Hash functions for MPI datatypes.
Julien Langou, George Bosilca, Graham Fagg and Jack Dongarra.
-
Presentation at ICL lunch presentation (09/23/2004
(PDF)
-
Technical paper (UT-CS-05-552) presented at Euro PVM-MPI 2005
(PDF)
In the Proceedings of the 12th European PVM/MPI Users'
Group Meeting, Sorrento, Italy, September 2005. LCNS-3666:76-83, 2005.
-
Code used to make the experiments of the paper (under modified BSD licence)
08/01/2006 hash-MPI-datatype--0.9.2.tgz : add modified BSD licence
05/03/2005 hash-MPI-datatype--0.9.1.tgz : first public release
-------------------------------------------------------------------------------------------
Addition Multiplication
------------------------------------------- -----------------------------------------------
mmm_bs1 + modulo (2^w)-1 left bitshift circulaire 1(<=> * modulo (2^w)-1 )
xor_bs1 xor left bitshift circulaire 1
gfd + in GF(2^w) * in GF(2^w)
crc cyclic redundancy check cyclic redundancy check
-------------------------------------------------------------------------------------------
--------------------------------------------
TESTING OF THE PROPERTIES OF CONCATENATION
--------------------------------------------
to create the executables: make testing
./xxx_test_concat_mmm_bs1
./xxx_test_concat_xor_bs1
check that
f( [ X1, X2 ] ) = f(X1) o f(X2)
for various value of X1, X2 (see OPTIONS)
and check that
f( [ X1, X2 , X3, X4 ] ) = ((f(X1) o f(X2))o(f(X3) o f(X4)))
for various value of X1, X2, X3, X4 (see OPTIONS)
OPTIONS:
-wg <WG>
the number of predefined datatype
DEFAULT: WG=48 (ask George why)
-w <W> -m <M>
the size of the signatures will be W*M bits
W*M should be smaller or equal to 32
CORRECT VALUE: (W=16,M=1) (W=8,M=2)
DEFAULT: (W=8,M=2)
-nx <NX>
nx is the length of the word to be encoded
the first and the second words are both of size nx/2
if -nx1 or -nx2, this option is ignored
DEFAULT: NX=100
-nx1 <NX1>
the size of the first word X1
if nx1 is defined and nx2 is not, nx2=nx1 whatever nx is
DEFAULT: NX1=50
-nx2 <NX2>
the size of the second word X2
if nx2 is defined and nx1 is not, nx1=nx2 whatever nx is
DEFAULT: 50
-seed <SEED>
the seed to generate the first random number
DEFAULT: 1
-iter <ITER>
the number of times the operations are performed
DEFAULT: 10
---------------------------
HASHING QUALITY
---------------------------
to create the executables: make quality
./xxx_bourrin_main_16
./xxx_bourrin_main_32
./xxx_bourrin_random_16
./xxx_bourrin_random_16
NO OPTIONS AVAILABLE
those programs analyze the quality of the hash of different hash functions.

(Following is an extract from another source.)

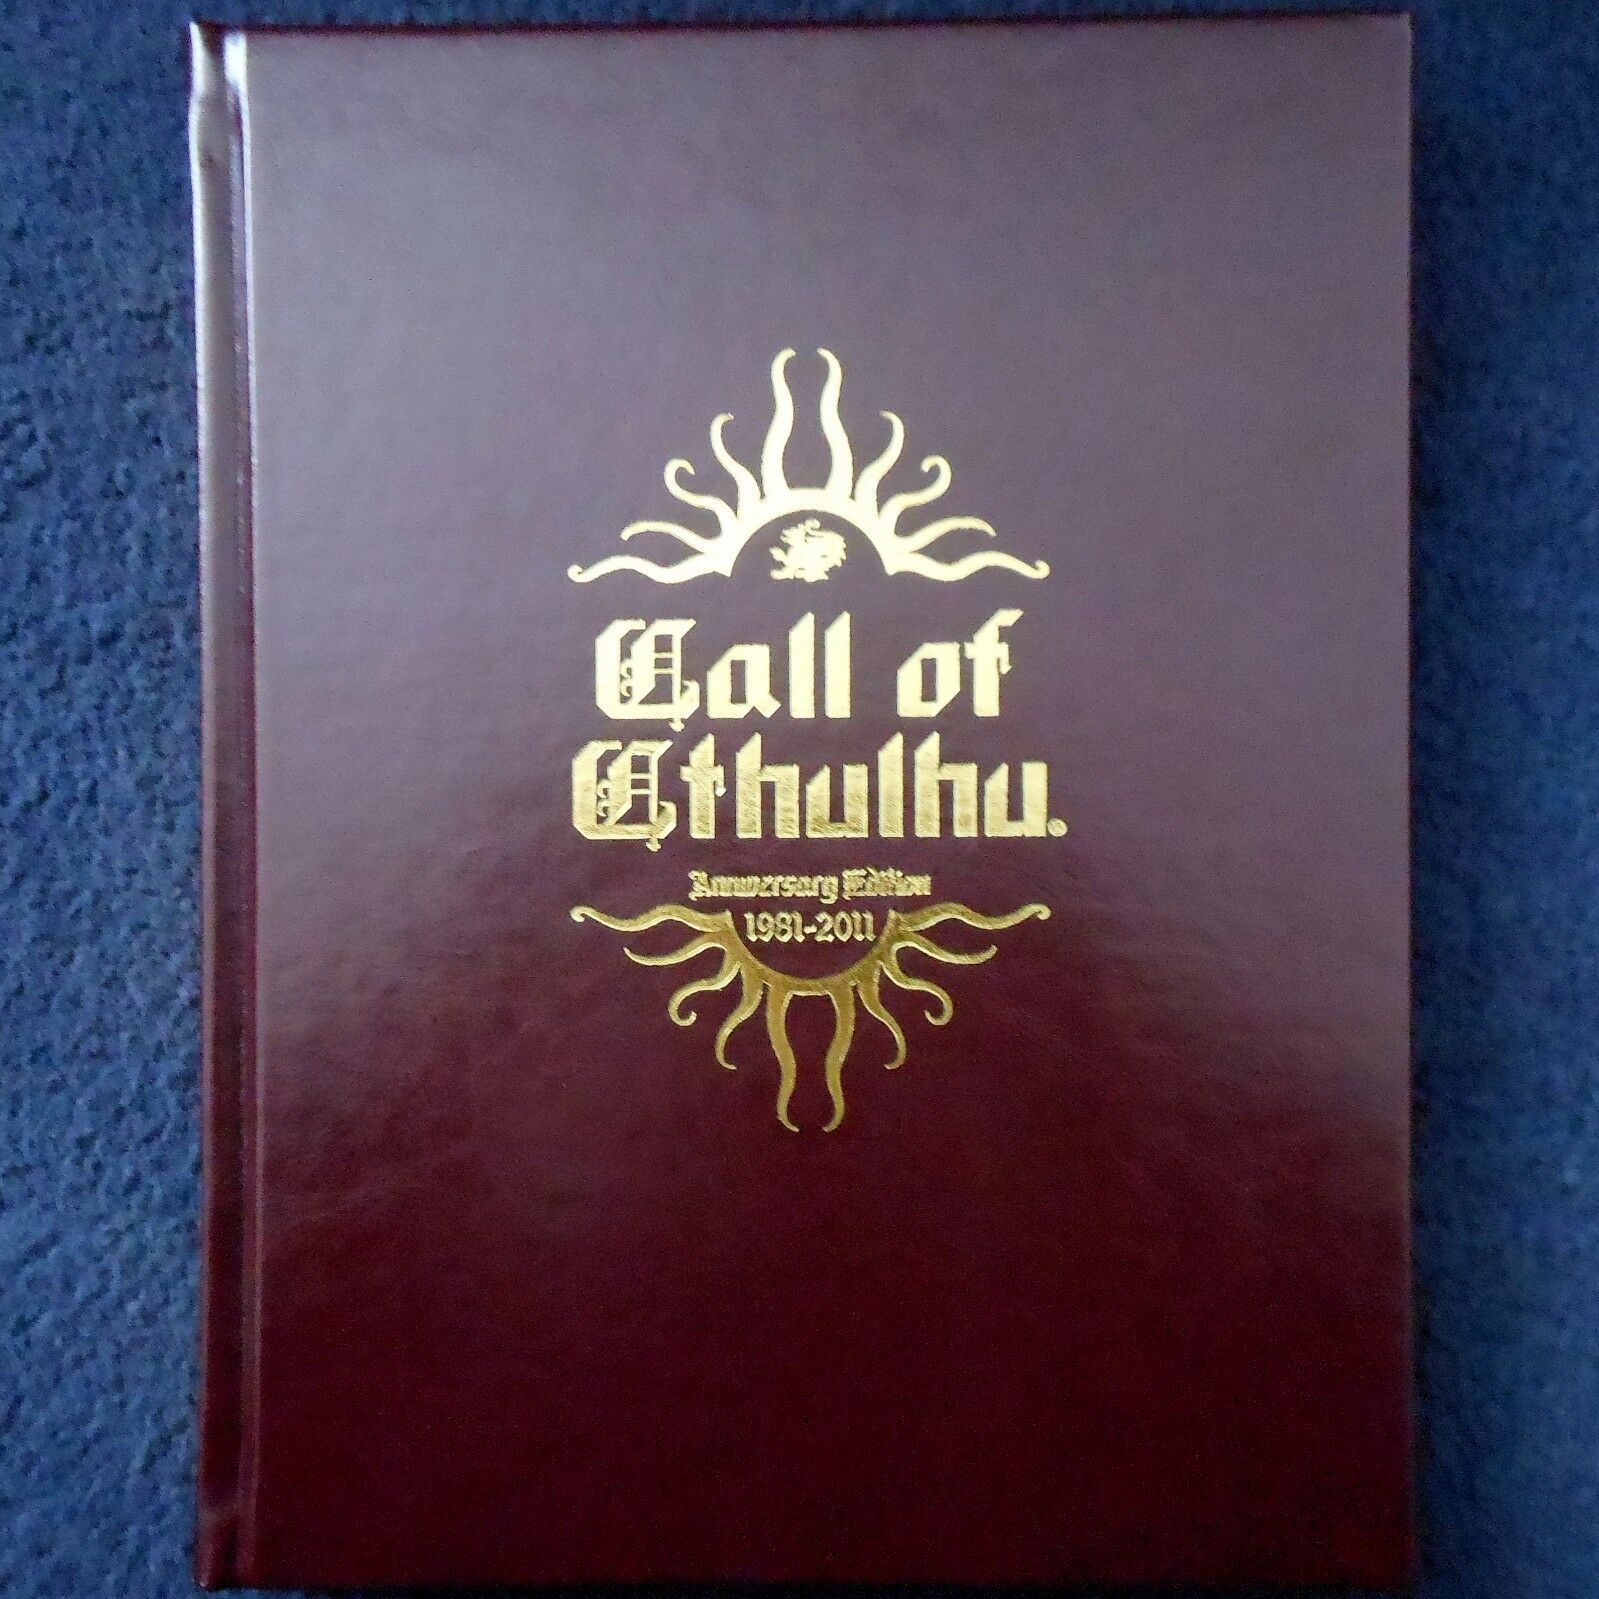 Call of Cthulhu 30th Edición de aniversario Regla Libro Gótico Horror Cthulu Juego Rpg
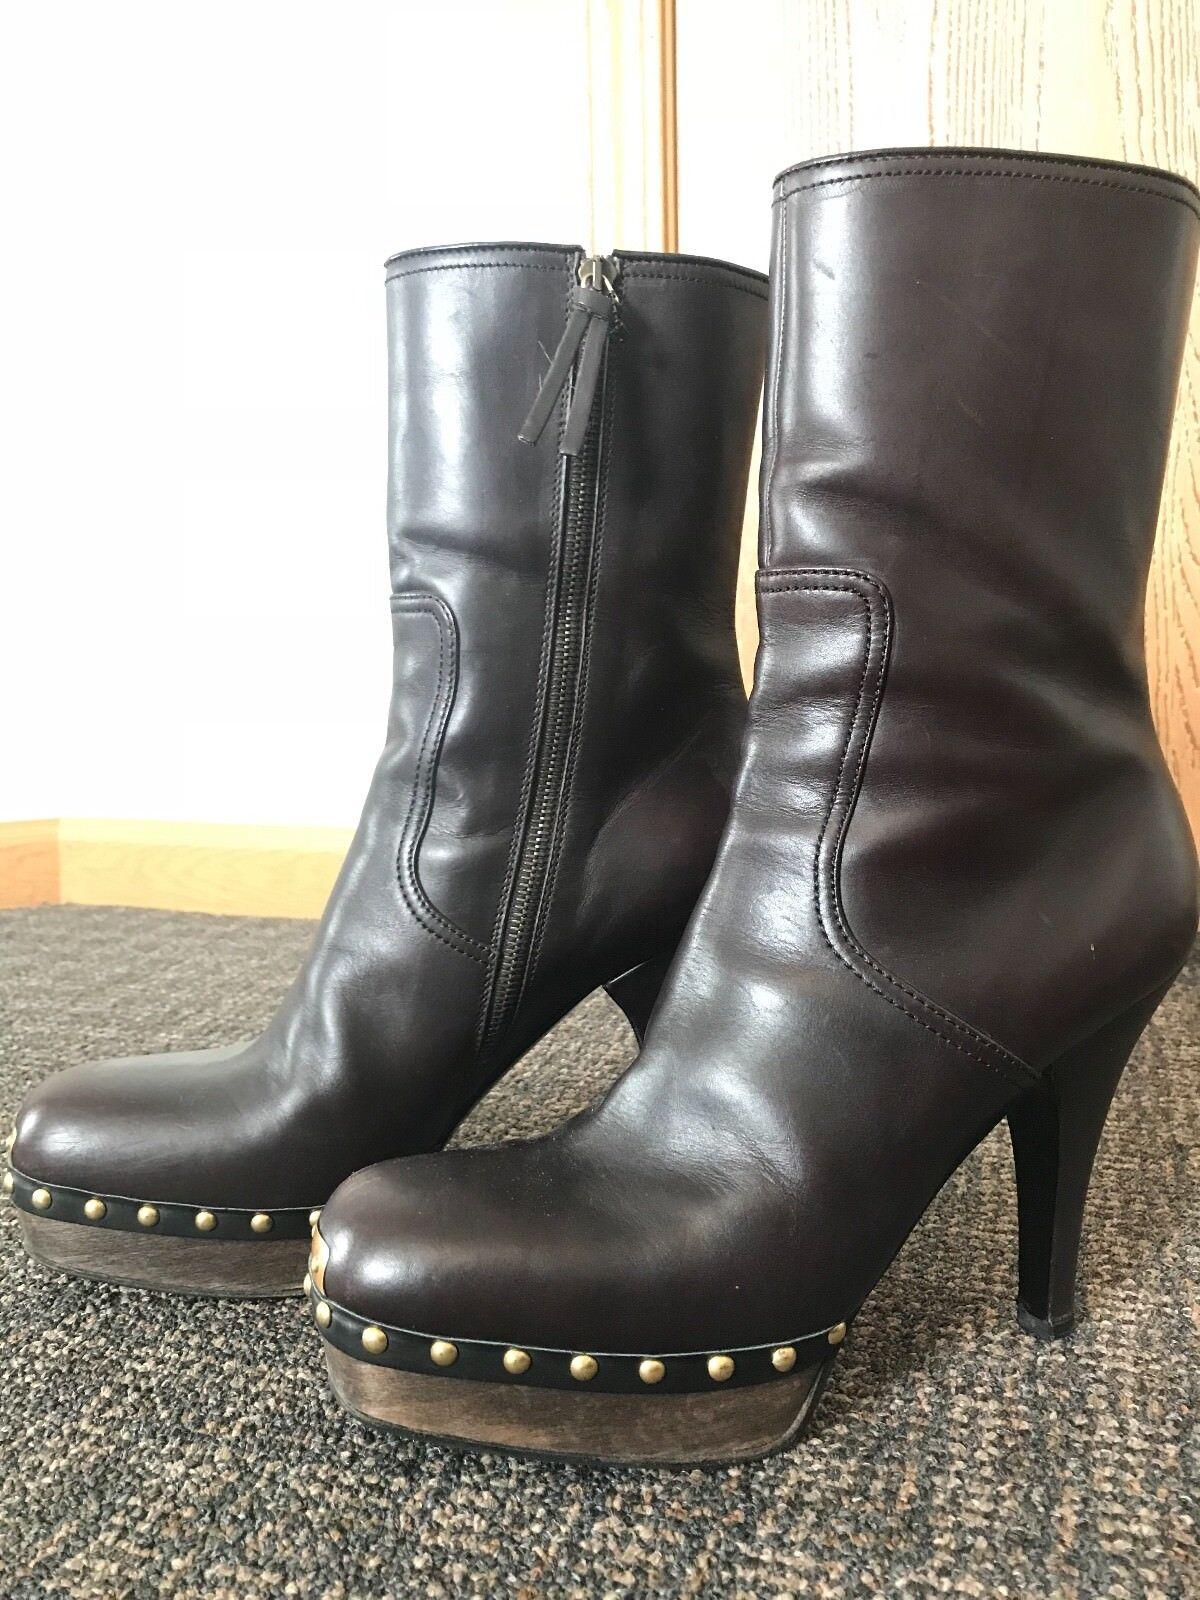 MIU MIU Old Calf Wood Leather Studded Boots Brown Womens Womens Womens Size EU 40   US 9.5 8f41a3

Namely we compute the number of collisions and duplicates for the following hash:
1. crc 16 bit CRC/CCITT
2. crc XMODEM
3. crc ARC 1. crc 32 bit CRC/CCITT
4. xor bs1 (w=16,m= 1) 2. xor bs1 (w=16,m= 2)
5. mmm bs1 (w=16,m= 1) 3. mmm bs1 (w=16,m= 2)
6. gfd (w=16,m= 1) 4. gfd (w=16,m= 2)
7. xor bs1 (w= 8,m= 2) 5. xor bs1 (w= 8,m= 4)
8. mmm bs1 (w= 8,m= 2) 6. mmm bs1 (w= 8,m= 4)
9. gfd (w= 8,m= 2) 7. gfd (w= 8,m= 4)
for the following set of type signatures:
[[ (N:x) means N times the datatype x ]]
For all x for 1 to WG=13,
0. ( N1*N2:x )
For all x from 1 to WG=13 and for all y from x+1 to WG=13
1. ( N2:(1:x,(N1-1):y))
2. (1:x) ((N2-1):(1:x, (N1-1):y)) (1:x,(N1-2):y)
3. (floor(N1*N2/2):x) (ceil(N1*N2/2):y)
4. if N1 is different from N2, N1 and N2 are interchanged in 1.
5. if N1 is different from N2, N1 and N2 are interchanged in 2.
[[ For example N1=5,N2=3: ]]
[[ 0. xxxxxxxxxxxxxxx ]]
[[ 1. xyyyyxyyyyxyyyy ]]
[[ 2. xxyyyyxyyyyxyyy ]]
[[ 3. xxxxxxxyyyyyyyy ]]
[[ 4. yyxxxxyxxxxyxxx ]]
[[ 5. yyyyyyyyxxxxxxx ]]
In this codes (N1,N2) takes the following values:
(N1=15,N2=15) ; (N1=20,N2= 2) ; (N1=20,N2=10) ; (N1=20,N2=15) ;
(N1=20,N2=20) ; (N1=21,N2= 2) ; (N1=21,N2=21) ; (N1=31,N2=17) ;
(N1=32,N2=16) ; (N1=33,N2= 2) ;
This amounts in comparing 6994 hash values.
It reproduces the tabular presented in Table 1 in UT-CS-05-552.
Datatypes of the kind 0., 1. and 2. are first introduced in Gropp, Euro PVM MPI (2000)
---------------------------
TIMING QUALITY
---------------------------
to create the executables: make timing
./xxx_chrono_16
<!warning!> : line 37 of chrono_main_16.c, please hard code the frequency of your machine
otherwise will not have the correct timings
This programs performs three timings:
1- encoding of X in f(X).
X is a sentence of NX (or NX1*2, NX2*2, NX1+NX2) words, each word is chosen randomly among WG,
f(X) is of size W*M
2- encoding of X=(X1,X2) knowing f(X1) and f(X2), X1 is of size NX1, X2 is of size NX2
3- encoding of X knowing X=uni(X1,n), X1 is of size NX1
The signature f is gfd_signature or crc_signature.
For 2 and 3, we also check that the answer is correct; if it is not an error message is produced.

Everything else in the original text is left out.